In a recent interview with CSO, Snehai Antani, CEO of Horizon3, emphasized the importance of how Chief Information Security Officers (CISOs) communicate with their co-executives. Antani advised that CISOs should shift the focus of their discussions away from technologies and instead concentrate on outcomes that are strategic to business success, such as business continuity, risks, and risk mitigation. By doing so, CISOs can better align their cybersecurity efforts with the overall goals of the organization.
One way to raise a CISO’s profile and foster better communication within the executive team is through team-building retreats. These retreats are not the traditional “retreat from the fray” type, but rather engagement-focused events. Many companies already invest in team-building activities, recognizing that shared experiences help individuals get to know each other better and improve collaboration. For CISOs, participating in these retreats can be an opportunity to build trust with their fellow executives.

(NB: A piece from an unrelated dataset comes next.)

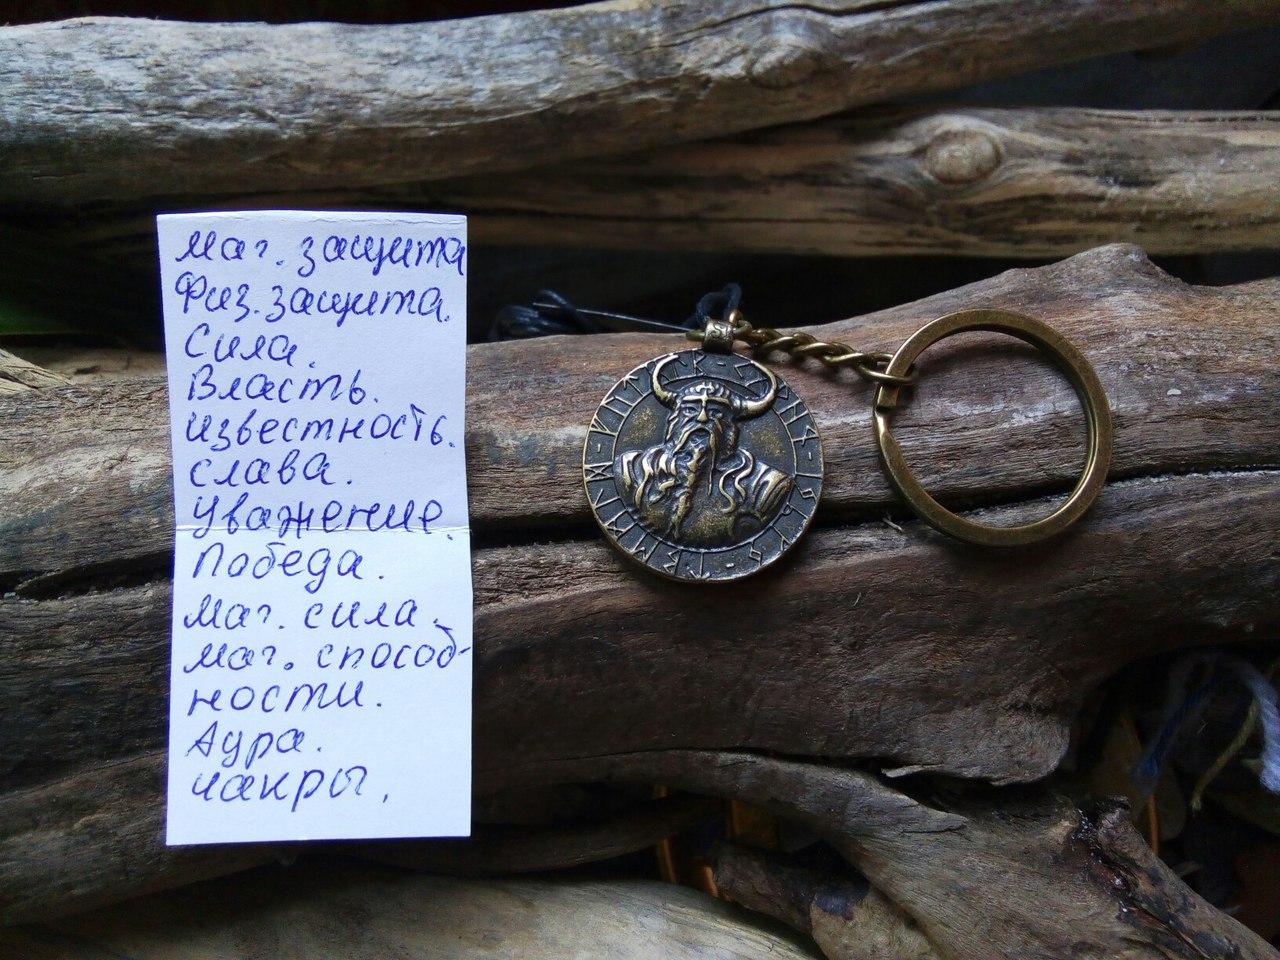 амулет - Талисманы Викингов и Кельтов FYRyDtWOR5g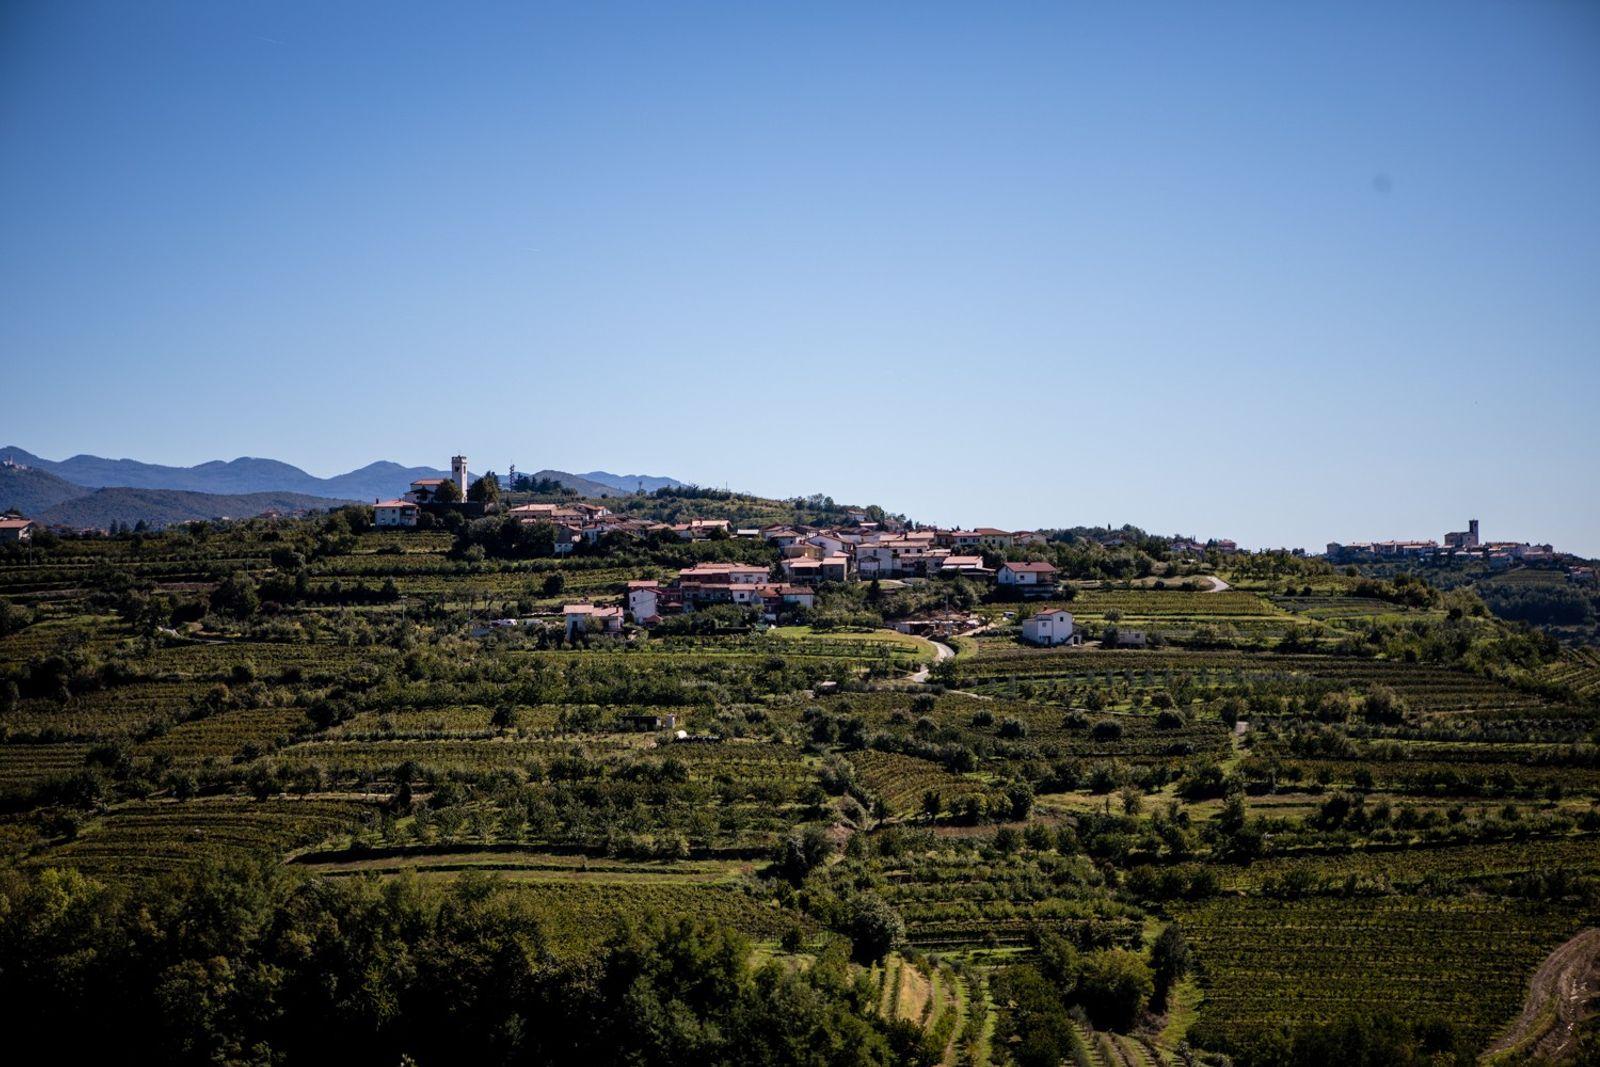 Die Hügellandschaft rund um das Dorf Višnjevik erinnert an italienische Weinberge.

Mitch Simpson, an industry expert, shared his positive experiences with executive retreats that involve activities like Myers Briggs tests, which help participants understand each other’s communication styles. He stressed the importance of face-to-face interactions with fellow executives, as it not only builds familiarity but also fosters trust. CISOs should actively seek invitations to these retreats and seize any opportunity to expand the scope of their cybersecurity advocacy.
Another crucial aspect for CISOs is constantly demonstrating their value to the company. Manny Rivelo, CEO of Forcepoint, emphasized that CISOs should highlight how their teams contribute to increased productivity, return on investment (ROI), and compliance within the organization. CISOs hold significant responsibilities and should be held accountable for their actions. However, they also require appropriate resources and support from the organization. Just like the Chief Financial Officer (CFO), the CISO should engage with the C-Suite executives and be treated equally.
It is worth noting that CISOs who feel undervalued, unappreciated, or overwhelmed by stress are more likely to leave their positions. As highlighted in a recent report, CISO burnout has led to high turnover rates in the cybersecurity industry. The well-known Kenny Rogers song lyric, “You gotta know when to hold ’em, know when to fold ’em,” rings true for both CISOs and organizations. Boards should consider the negative ramifications of neglecting the CISO’s role within the executive team, as it can have detrimental effects on the company and its overall business objectives.
In conclusion, effective communication is vital for CISOs to establish their role within the executive team. By shifting the focus from technology-centric discussions to outcomes that align with business success, participating in team-building retreats, and constantly reiterating their value to the company, CISOs can elevate their profiles and contribute more effectively to the organization’s cybersecurity efforts. It is crucial for organizations to recognize and appreciate the importance of cybersecurity leadership in order to create a secure and resilient business environment.